When compared to its southern and southeastern neighbors, which are predominantly Muslim nations, Turkey serves as a much-heralded model of modernity combined with moderate Islamic values. Since Turkey founder Ataturk outlawed Islamic headgear and garb in public buildings back in 1926, Turkey has shunned Islamic fundamentalist traditions. It has been recently touted as a model nation for its troubled Arab Muslim neighbor nations to the south and the problematic Islamic theocracy of Iran to its east.
Troublingly, though, Turkey is still laden with some deep-rooted problems that, if not addressed, will make it even harder to achieve the E.U. membership that it wants so badly, and more importantly, will keep Turkey from realizing its full potential as a player on the world stage.
First and foremost is the issue of the Kurds. Recently reported in the Los Angeles Times ("Nameless Kurds of Turkey," Jan. 30), Kurds in Turkey are not allowed to speak their language in public, teach the language at all or name their children Kurdish names, among countless other absurd restrictions.
Failure to comply can yield horrid consequences, including long prison terms, torture and even execution. The government's current policy toward its large Kurdish minority seems to be to completely and forcibly homogenize them into greater Turkish society, as previous Turkish governments have successfully done with Turkey's large Christian minorities during World War I. Does the European Union really want as a member a nation and government that, among other ills, completely represses its Kurds?
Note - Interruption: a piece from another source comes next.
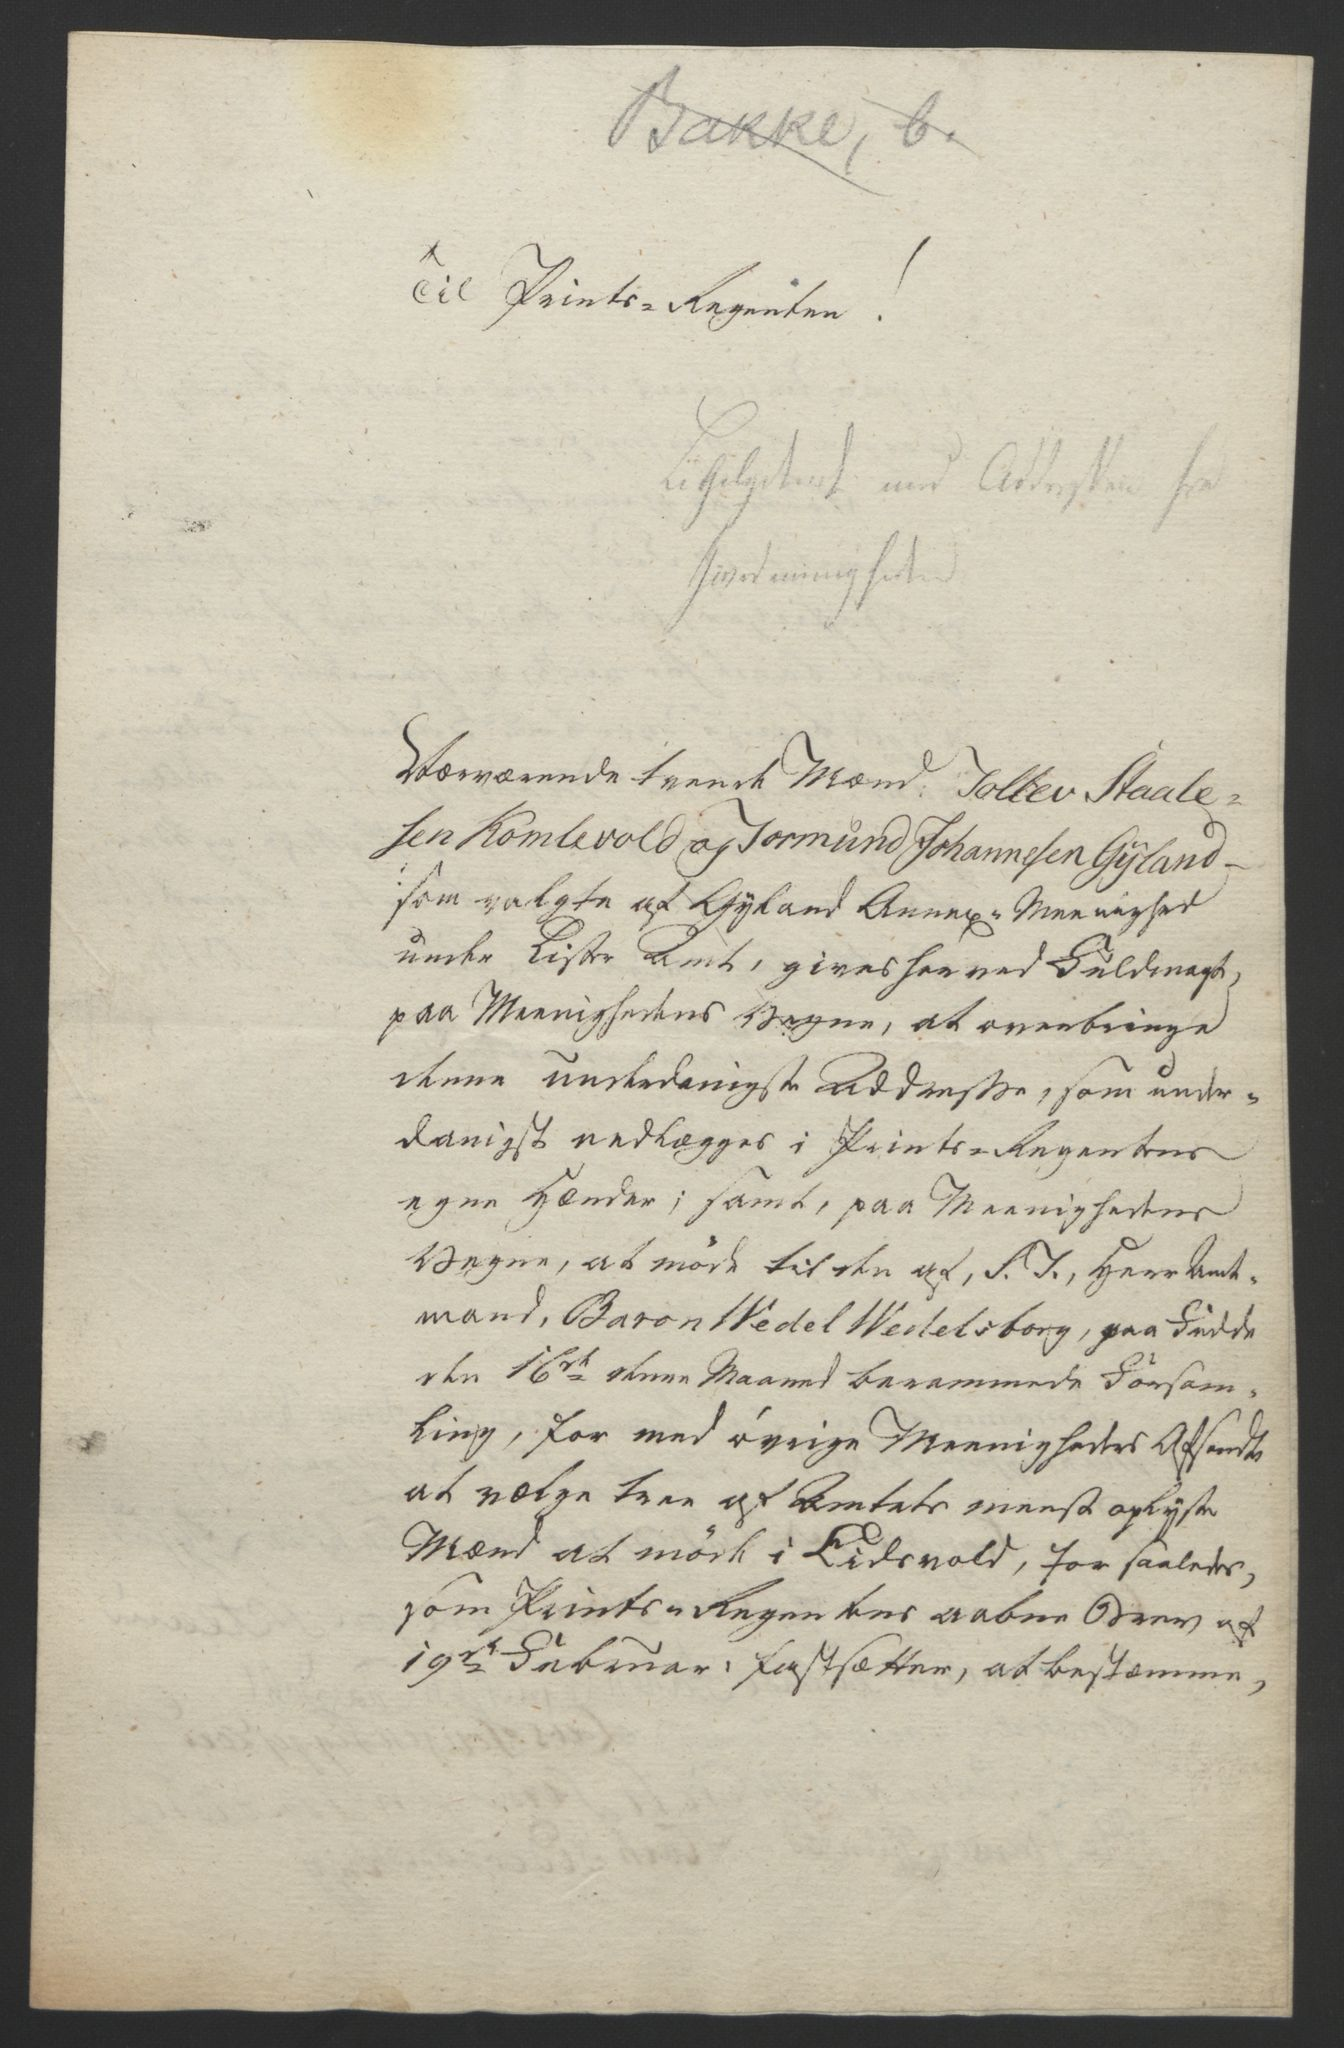 RA, Statsrådssekretariatet, D/Db/L0008: Fullmakter for Eidsvollsrepresentantene i 1814. , 1814, s. 154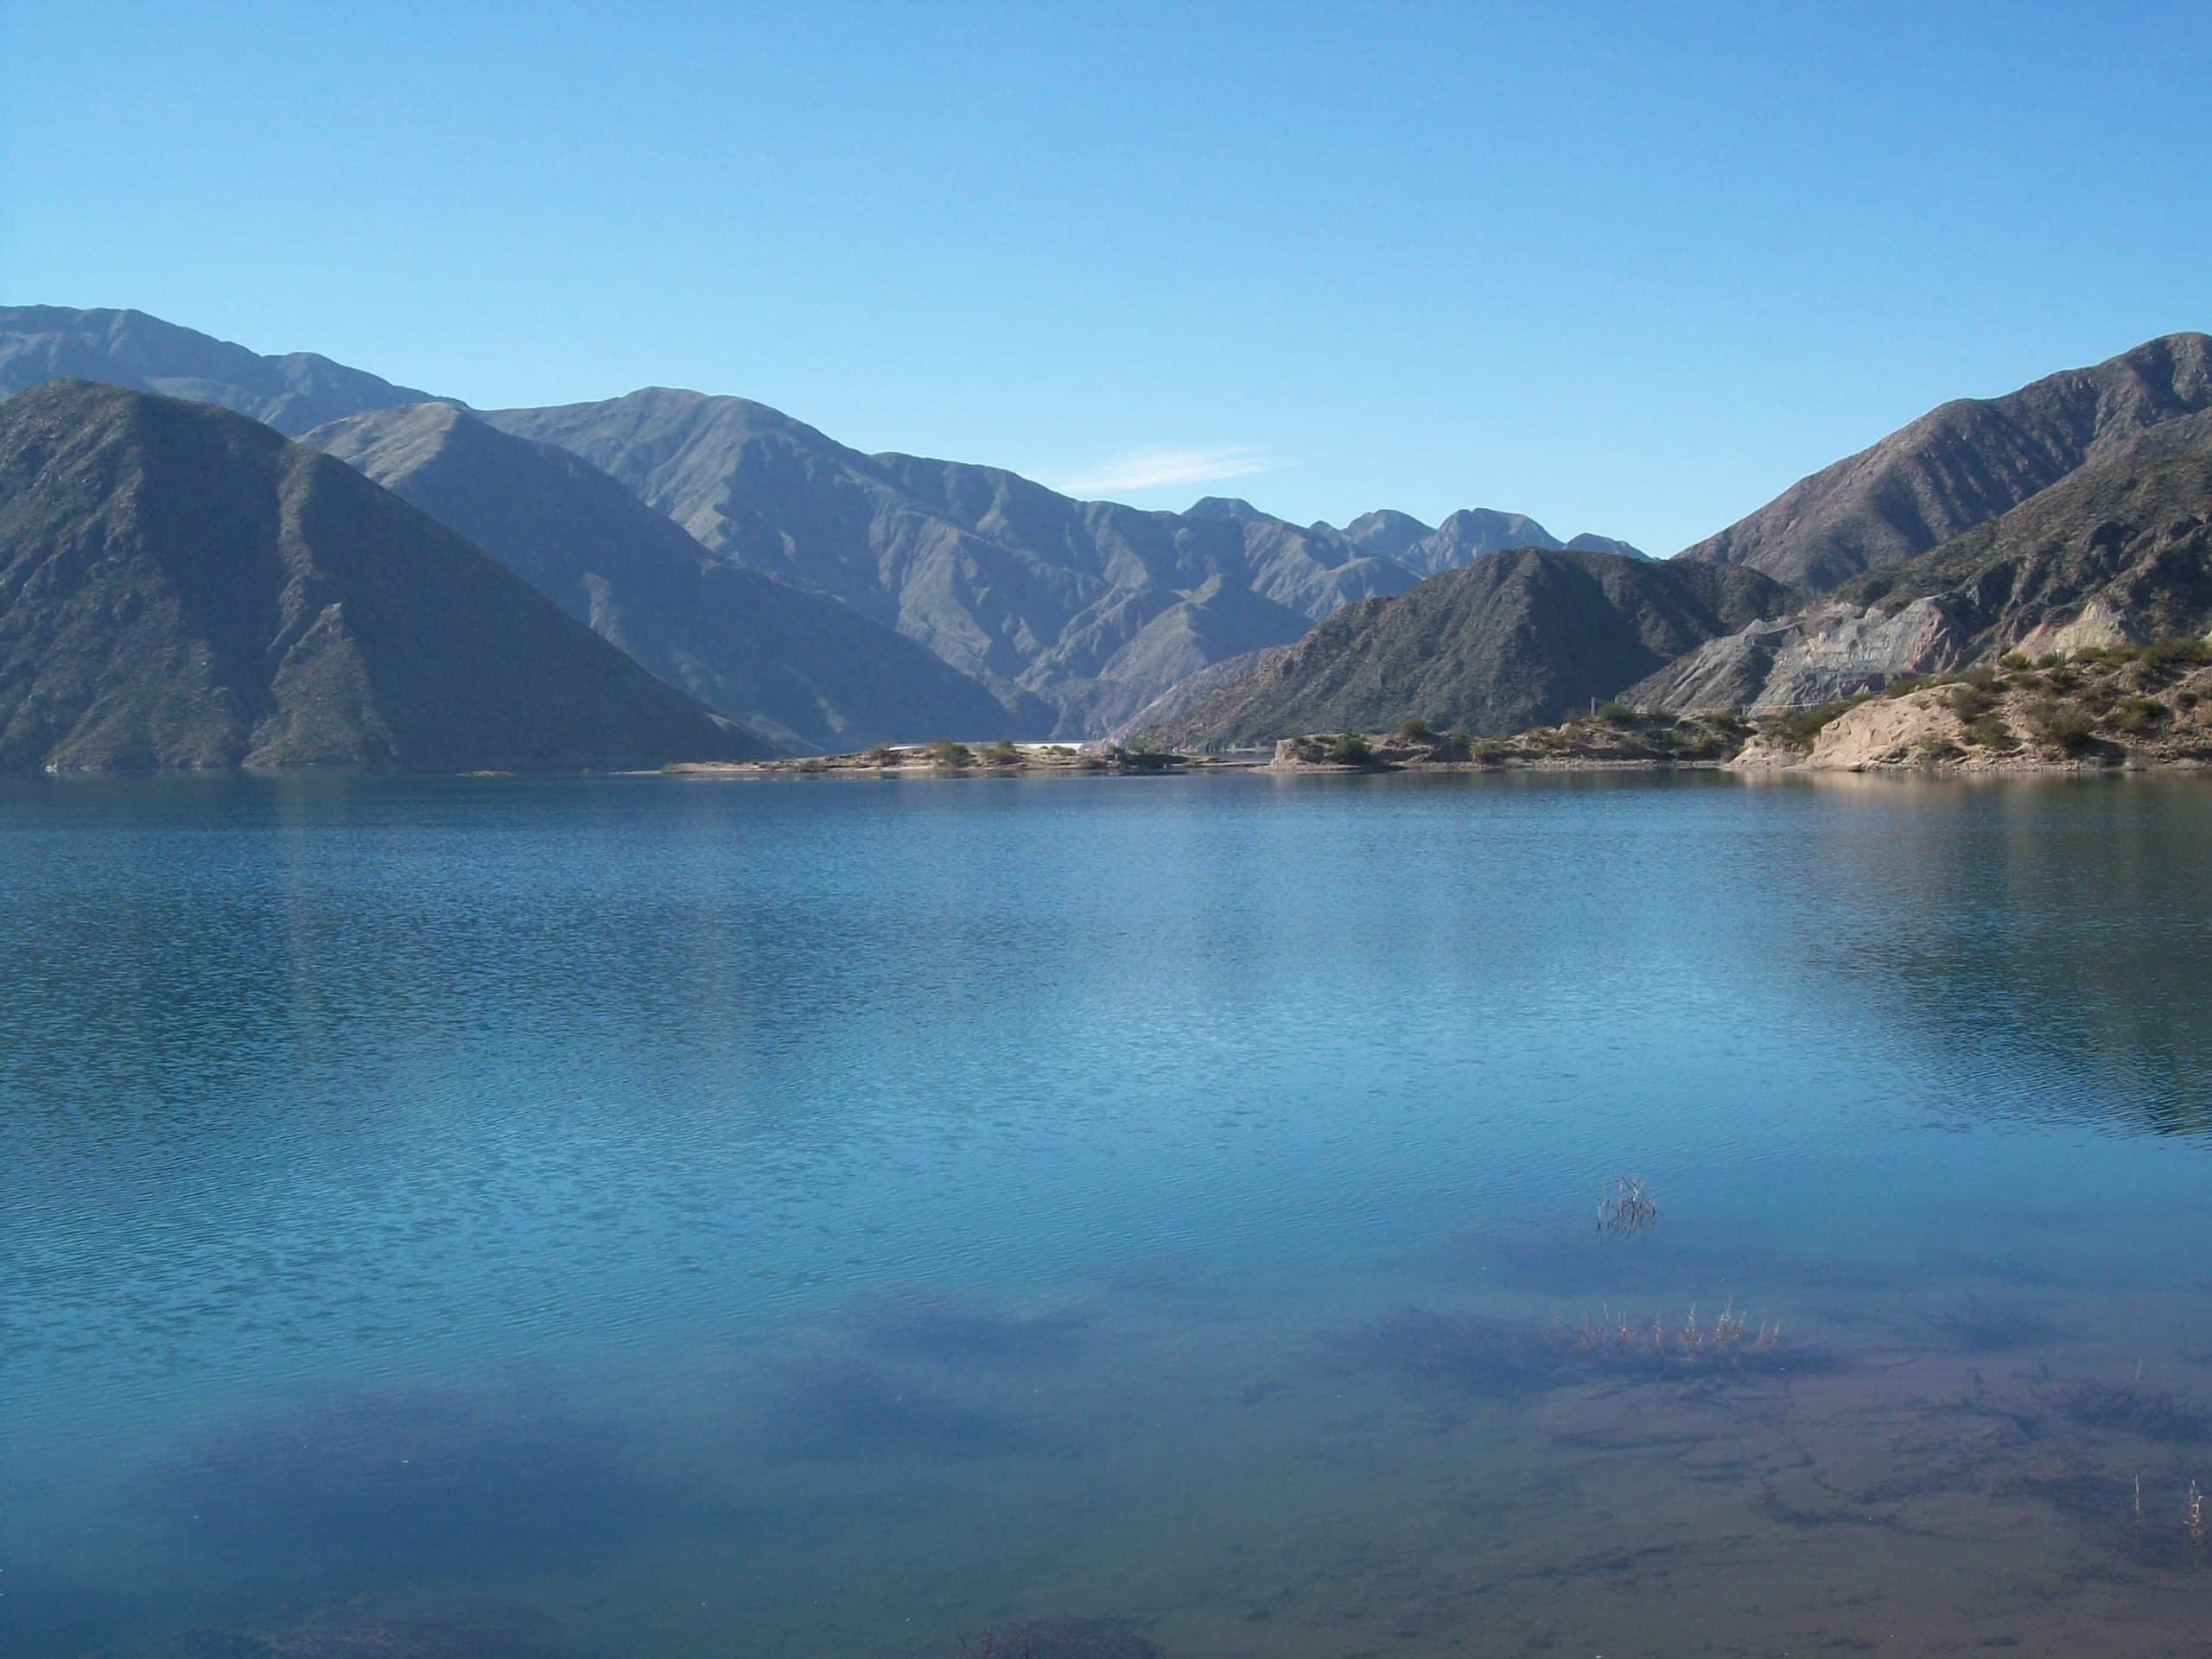 A represa Potrerillos. - Foto: Uliaparicio via Wikimedia

It is no coincidence that Turkey's government continues to repress and restrict its last large minority.
Before World War I, dozens of ethnic groups called what is currently Turkey home. Among them were large contingencies of Armenians, Greeks and Assyrians.
Today, fewer than 100,000 total from those groups remain in Turkey. The Turkish government spends millions of dollars each year on a campaign to defame and deny the Armenian genocide of World War I at the hands of the Ottoman Turk government, in which nearly two million Armenians and tens of thousands of Greeks and Assyrians were massacred.
This denial campaign has somewhat succeeded, as mainstream publications such as The Economist, are careful never to mention this wretched national crime in articles about Turkey, most likely because of pressure from the Turkish government and advertisers.
To the chagrin of the Turkish state, the European Parliament has mandated accepting the genocide as historical fact a condition of beginning talks for E.U. membership, in addition to complete reform of its vile treatment of its Kurdish minority in accordance with civilized European standards.
It appears, then, that it would be premature to exculpate Turkey from its negative stereotypes, in the new light of how it is treating its Kurdish minority combined with long-known facts of its notoriously brutal treatment of forgotten minorities and dissidents in centuries past.
The question remains: When will Turkey become ready to shed its abject human rights practices, come to grips with the painful history of the genocide of World War I and become more secure about its own cultural identity so as to allow free, unhindered expression of Kurdish language and culture?
If Turkey aspires to join the free, developed world, it must fully satisfy these fundamental conditions.